Slamming the book onto the nightstand, Pierce was seized by unreasonable, irrational jealousy that blasted through him like gunfire. At the same time, he was appalled at the ludicrousness of his own reaction. What the hell was he jealous of? He was the bandit, for God’s sake. Not to mention the fact that the bandit wasn’t actually a man, but a legend, a valiant figment of Daphne’s fanciful mind.
But he wasn’t only a legend, damn it. He was flesh and blood, a man Daphne had met in the intimacy of her own bedchamber. They’d stood tantalizingly close, heat blazing between them, and her response to his touch had not been his imagination. He was a man, all right, one who had wanted Daphne Wyndham with every fiber of his being.
What was more, the blossoming woman within Daphne had wanted him, too.
She hadn’t—couldn’t—have recognized that, he argued with himself for the umpteenth time. She was too damned naive.
Still, she’d gazed up at him, adoration lighting those mesmerizing kaleidoscope eyes, and her breath had quickened when he’d come near. Consciously or not, she’d responded to him. And all this time he’d excused it away with the fact that she’d never been this close to a man and was therefore too inexperienced to recognize what was happening or to dismiss it in lieu of something real—the something she experienced in Pierce’s arms.
But she was a married woman now. And she bloody well understood what passion was about. Hell, not mere passion. Explosive, consuming passion that was intensified all the more by the fact that it was rooted in love. She belonged to him, body and soul. So why the hell had she brought that bloody journal with her to her new life as his wife?
No. Any way he contemplated it, the result was the same. His wife, in love with him or not, was at the same time completely enthralled with another man.
Even as he flinched at the thought, Pierce shook his head in self-censuring disbelief. For the love of heaven, he was behaving as if Daphne had been unfaithful to him.
Well, hadn’t she?
No. Yes. In a matter of speaking.
Pierce uttered a muffled curse. His deduction was utter lunacy, and he knew it, and that only served to heighten his rage. Daphne’s betrayal, if one could call it that, was only in thought, not fact. Yet it was still thoroughly untenable. Especially tonight, when he’d finally admitted to himself that he loved her, when the vulnerability spawned by his newly acknowledged emotions demanded that she belong wholly and forever to him.
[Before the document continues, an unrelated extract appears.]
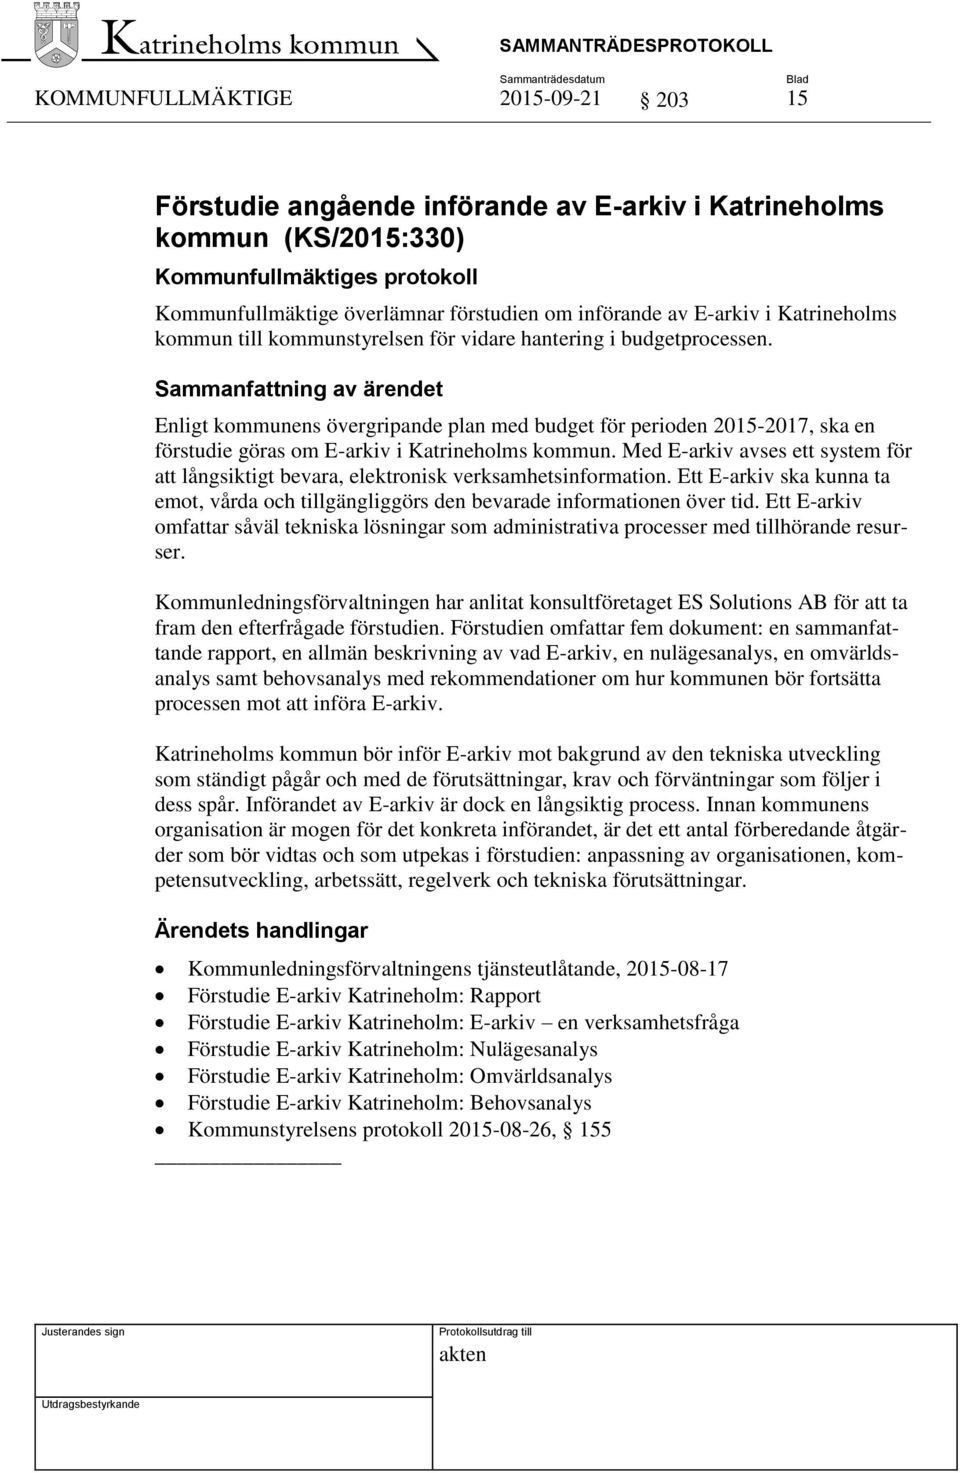 Enligt kommunens övergripande plan med budget för perioden 2015-2017, ska en förstudie göras om E-arkiv i Katrineholms kommun.

Determinedly, Pierce lowered himself to the edge of a chair, gripping his knees as he began his evening vigil. He’d wait for Daphne to waken.
At which time she had a great deal of explaining to do.
The heavyset man arrived at Tragmore precisely on schedule. Ushered to the marquis’s study, he extracted a folded sheet of paper from his coat pocket and shifted uncomfortably from one foot to the other.
“You have a report for me?” Tragmore demanded, sipping at his brandy.
“Yes, sir. However, my findings are rather disappointing.”
“I’ll be the judge of that.”
“Very well.” The man cleared his throat. “Lady Tragmore has received a mere three visitors at Rutland.”
“Really? Who?”
“Your daughter, for one. Accompanied by her new husband.”
Tragmore waved that information away. “And the third guest?”
Pudgy cheeks drooped lower still. “Your church vicar.”
The marquis’s glass came down with a thud. “Chambers?” His eyes glinted. “You’re certain?”